The 2020/21 forecast for U.S. all-wheat exports is raised 25 million bushels this month concurrent with a 10-cent cut in the season-average farm price (SAFP) and lower production outlooks for several key competitors, including the European Union, Argentina, and Kazakhstan.
Improved U.S. price competitiveness in global markets is attributable to a sharp decline in the U.S. corn SAFP, lowered 25 cents this month, and to increased exportable supplies following an increase in 2020/21 wheat production, raised 14 million bushels this month to 1,838 million.
Domestic Changes at a Glance:
- Based on the USDA-National Agricultural Statistics Service (NASS) August Crop Production report, U.S. production of all wheat in 2020 is raised 14 million bushels from the July forecast to 1,838 million bushels.
- If the current forecast is realized, the 2020/21 harvest will be the smallest since 2017/18 and down 4 percent from last year. The all-wheat yield is raised 0.4 bushels per acre this month to an average of 50.1 bushels.

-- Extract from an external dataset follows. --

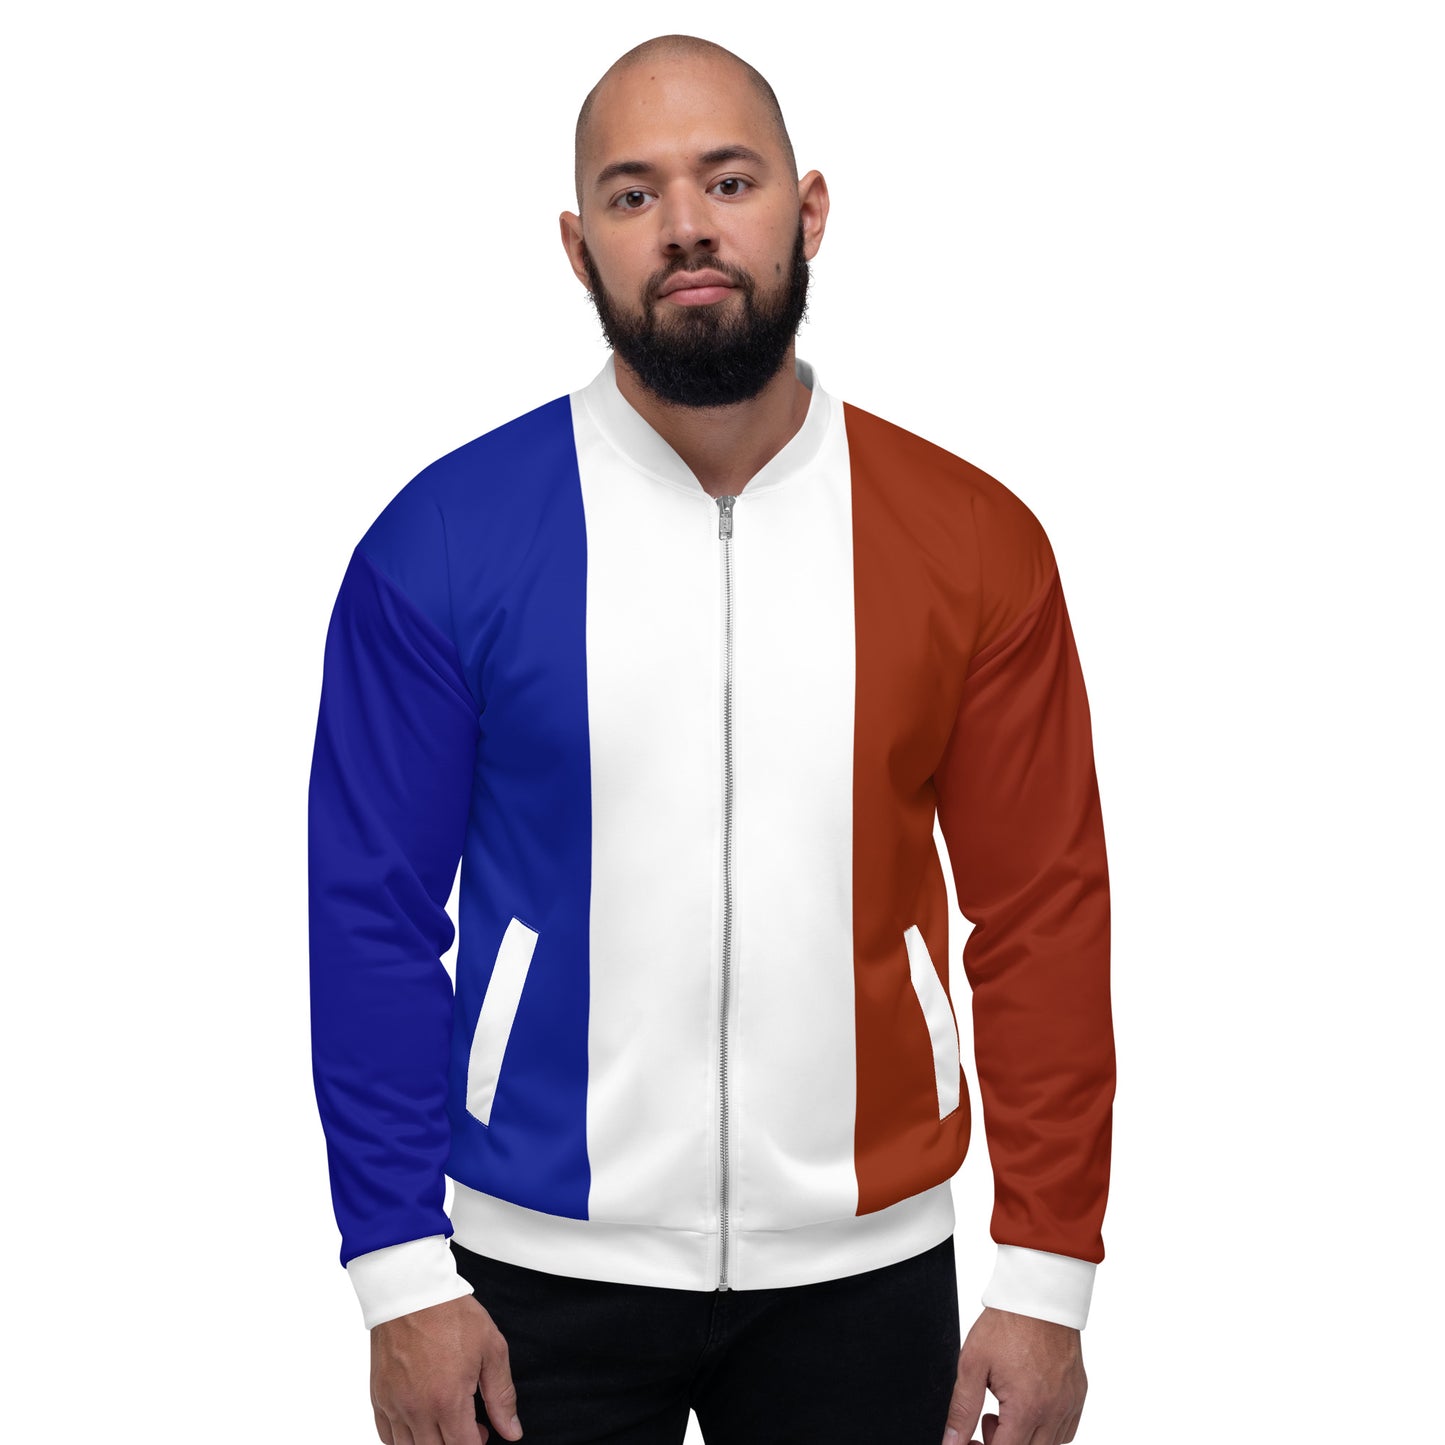 Frans jack / bomberjack met kleuren van de vlag van Frankrijk / unisex kleding

- The September 30 Small Grains Summary will contain the next update of 2020/21 wheat production by class.
- The USDA, NASS Flour Milling Products report, released on August 3, indicated significantly reduced wheat food use in the final 2 months of the 2019/20 marketing year, relative to the period immediately following widespread stay-at-home orders because of COVID-19.
- In contrast, during the same period, durum food use for the 2019/20 surged to nearly 86 million bushels.
- Carryout for the 2020/21 marketing year is trimmed 17 million bushels this month to just over 925 million bushels and is the lowest level since 2014/15 when ending stocks totaled 752.4 million.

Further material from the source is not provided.